Fernanda Montenegro, a figura humana de uma grande atriz

Não são apenas os prêmios, os personagens e a gloriosa trajetória profissional que tornam Fernanda Montenegro quem ela é. Seriedade, caráter e humildade compõem a figura humana da maior atriz do país. Assisto de longe Fernanda Montenegro rodeada de jornalistas respondendo toda sorte de perguntas com a voz baixa e a paciência de um monge. Já são mais de 50 minutos de indagações, e ela emprega cada palavra na oratória com o didatismo de quem reflete sobre as questões pela primeira vez na vida, o que não é verdade, vide que está prestes a completar 89 anos em 16 de outubro, dos quais 68 dedicados à profissão.

Combinamos de falar a sós durante 15 minutos – foi o tempo que a assessoria de imprensa da atriz me concedeu para esta entrevista. Passam-se mais 30 minutos de perguntas e respostas até que sentamos em uma mesa redonda em um canto do amplo salão.
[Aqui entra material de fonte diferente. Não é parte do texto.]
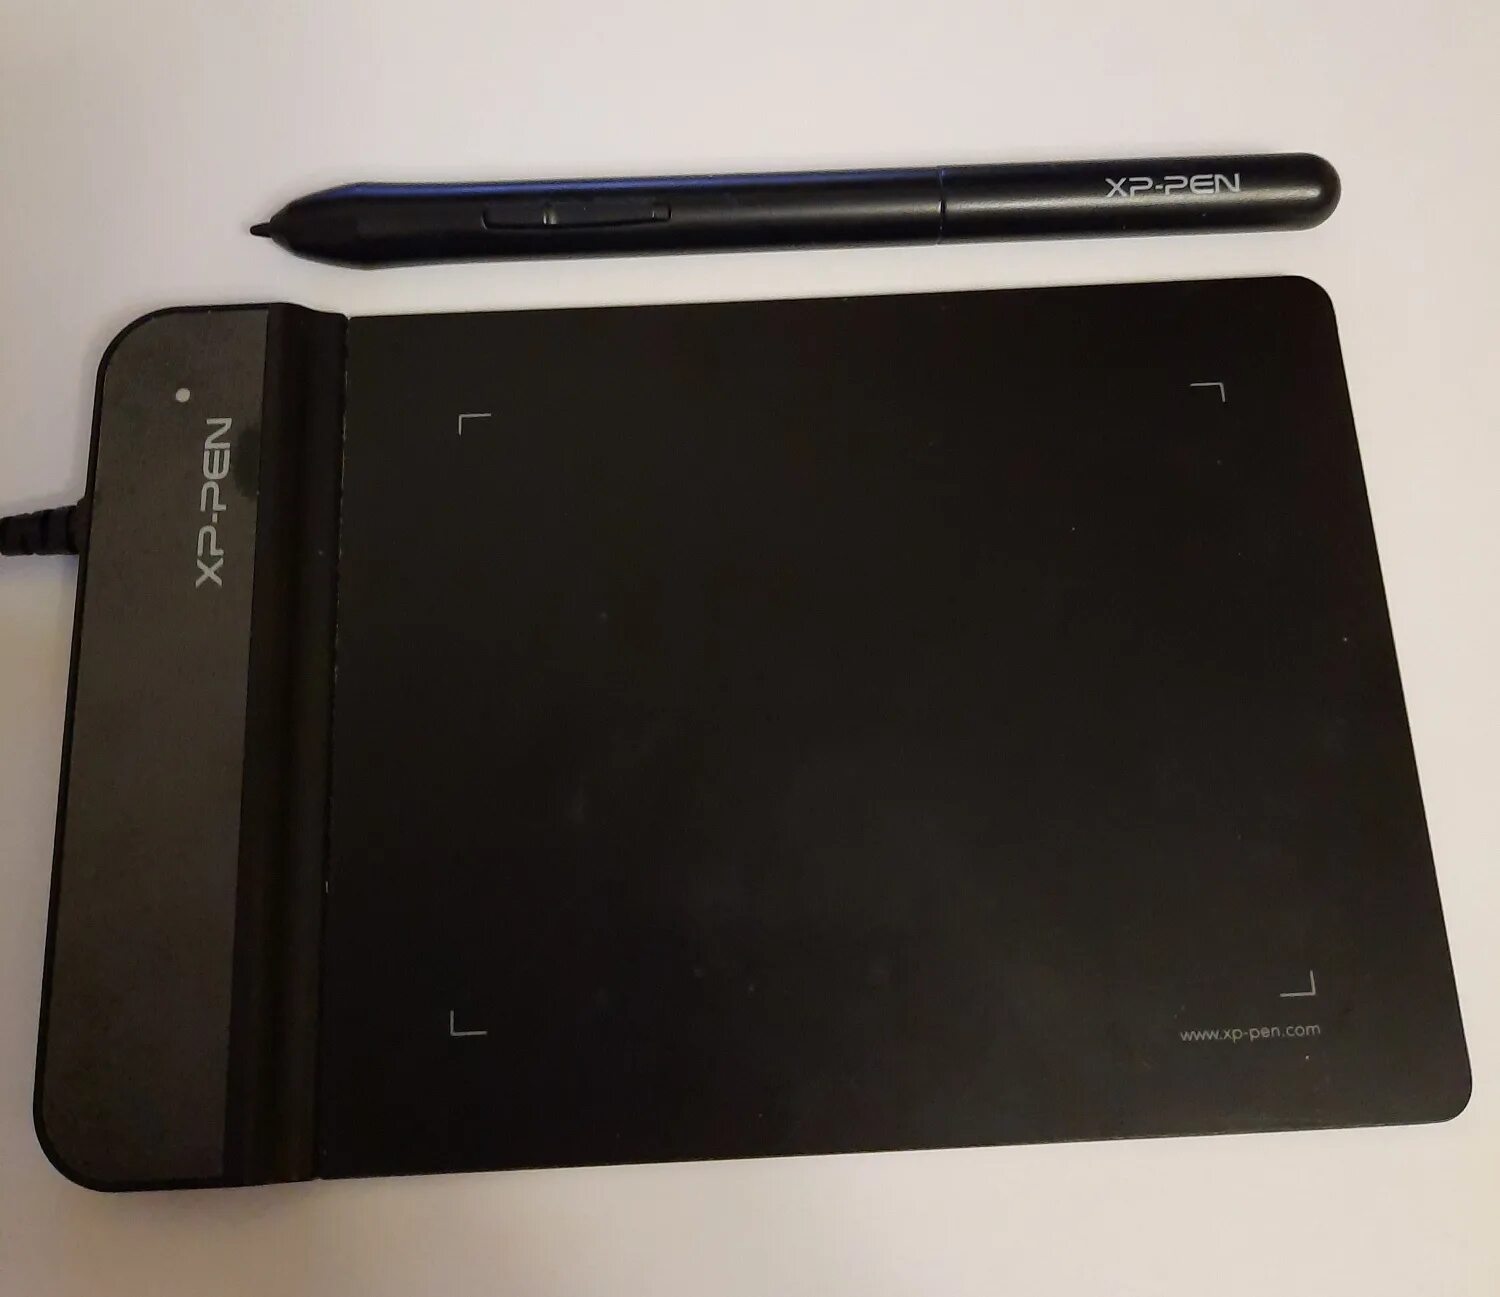 Планшет xp pen g960. XP-Pen Star g430s. Графический планшет XP Pen g430s. Графический планшет XP-Pen Star g430s. XP Pen g430 белый.

– A senhora está cansada? – pergunto a ela.
– Não, não estou cansada. Não posso me dar esse direito. Me programei para estar à disposição de vocês durante toda a tarde e é isso que devo cumprir. Afinal, se estou fazendo o meu trabalho, vocês estão fazendo o de vocês, não é assim?

Assim é Fernanda Montenegro: profissional. Uma operária atenciosa e a serviço da profissão, imune a todos esses adereços de fama e vaidade que costumam acompanhar artistas que se julgam maiores do que sua obra. Fernanda é econômica em sorrisos, não desvia os olhos castanhos do interlocutor, tem a fala mansa, pausada e uma seriedade que quase incomoda, mas que, seguramente, foi e é determinante para garantir o respeito e o reconhecimento que amealhou ao longo de seis décadas.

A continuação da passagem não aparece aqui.